I read an interesting blog entry in Motherlode yesterday, written by a mother who has a four year-old daughter and who doesn't intend to have any more children. She wrote about all the pressure she faces from her peers about providing a sibling for her daughter and she wants to know what's wrong with having an only child. Interestingly enough, she's an only child herself.
I'm also an only child, and being so has definitely made me adverse to the idea, not sympathetic to it. I think that even if I hadn't lost both of my parents I still wouldn't want to have just one child. It's not that I don't understand all the reasons that parents could choose (and sometimes not have a choice like my parents, who couldn't have more) to have just one child, it's just that I don't want to do it myself.
Throughout my entire childhood I wished that I had a sibling or two. I think I forgot about the idea for a while during my self-centered adolescence, but after losing my mother, the fierce desire to have someone else in my life who knew her and loved her as I did reared it's head. And now that they're both gone, I can't even imagine how amazing it would be to have someone in my life who shares the same memories (kind of) and experiences that I had growing up.

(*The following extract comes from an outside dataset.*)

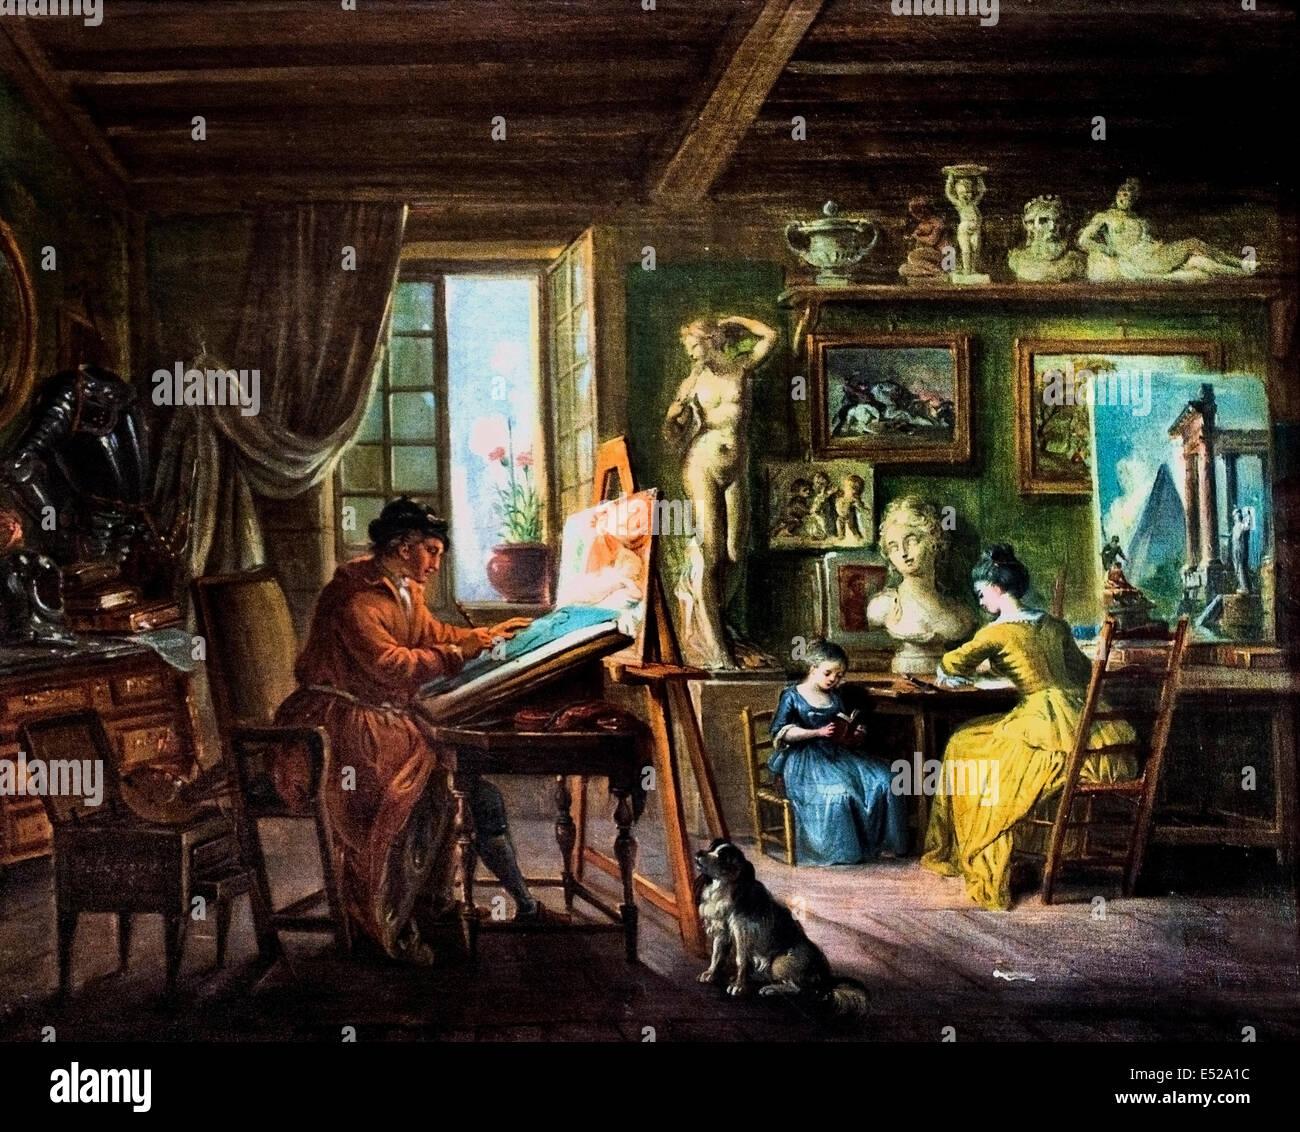 L`Atelier du Peintre - Workshop of the Painter by Jean Paptiste Lallemand 1716-1803 France French - Stock Image

I read through dozens of the comments in the only child piece yesterday. Some people were incensed and wrote that having only one child was selfish and terrible (poor China), but I was really interested to see how many people wrote in to say that they wished they were an only child, that just because you have a sibling doesn't mean you'll like them or have a relationship with them. And I suppose that's true as well.
But then I think about Greg and his siblings. There are six of them, altogether. They're all about 2 years apart and Greg is right in the middle. For the most part, in comparison to other sibling sets I've met, they're all quite close. And while they may not always get along or approve of each other all the time, they really do love each other and share an amazing bond.
And I know that even if Greg and I only end up having this one child, it will have so many wonderful cousins and aunts and uncles in its life that it will never lack for family or shared memories. But all the same, I definitely want to have more than one child. When Greg and I are gone, and even long before that, I'd like for my children to be able to have each other, to be able to sift through a shared experience of this strange life, and of the life that Greg and I, in particular, introduced them to.